BONJOUR: Bonjour, lecteur inconnu.

Bonjour pour la troisième fois ou bonjour pour la crémière fois.

A vrai dire, que vous découvriez ce livre en premier ou en dernier n'a guère d'importance. Ce livre est une arme destinée à changer le monde. Non, ne souriez pas. C'est possible. Vous le pouvez. Il suffît que quelqu'un veuille vraiment quelque chose pour que cela se produise. Très peu de cause peut avoir beaucoup d'effet. On raconte que le battement d'une aile de papillon à Honolulu suffît à causer un typhon en Californie. Or, vous possédez un souffle plus important que celui provoqué par le battement d'une aile de papillon, n'est-ce pas?

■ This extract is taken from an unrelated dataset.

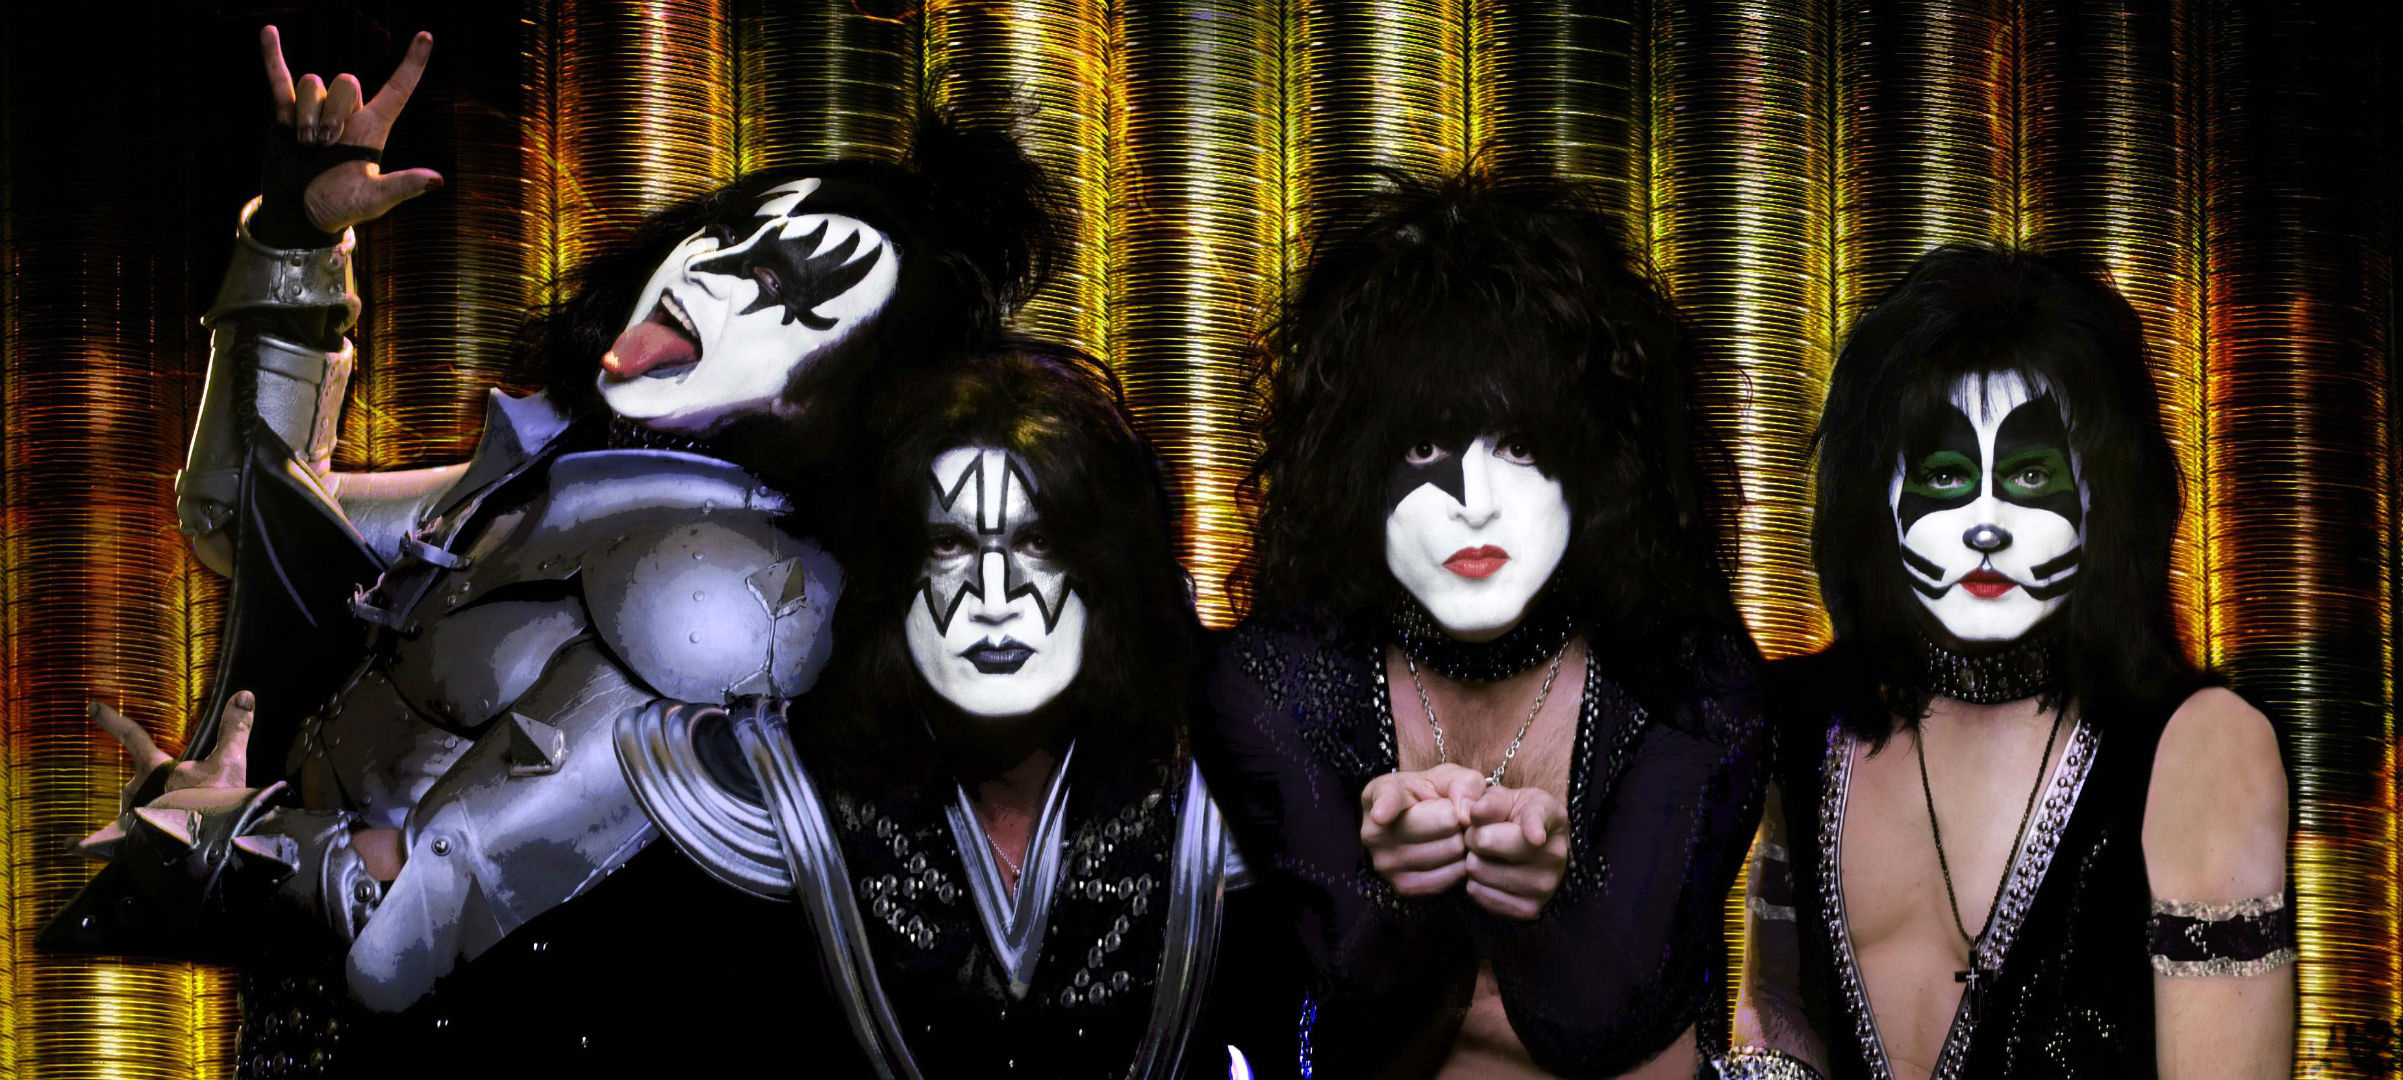 KISS Band, Iconic makeup, Rock and roll legends, Music history, 2410x1080 Dual Screen Desktop

Moi, je suis mort. Désolé, je ne pourrai vous aider qu'indirectement, par l'intermédiaire de ce livre. Ce que je vous propose, c'est de faire une révolution. Ou, plutôt, devrais-je dire, une «évolution». Car notre révolution n'a nul besoin d'être violente ou spectaculaire, comme les révolutions d'antan. Je la vois plutôt comme une révolution spirituelle. Une révolution de fourmis. Discrète. Sans violence. Des séries de petites touches qu'on pourrait croire insignifiantes mais qui, ajoutées les unes aux autres, finissent par renverser des montagnes. Je crois que les révolutions anciennes ont péché par impatience et par intolérance. Les utopistes n'ont raisonné qu'à court terme. Parce qu'ils voulaient à tout prix voir de leur vivant le fruit de leur travail. Il faut accepter de planter pour que d'autres récoltent ailleurs et plus tard.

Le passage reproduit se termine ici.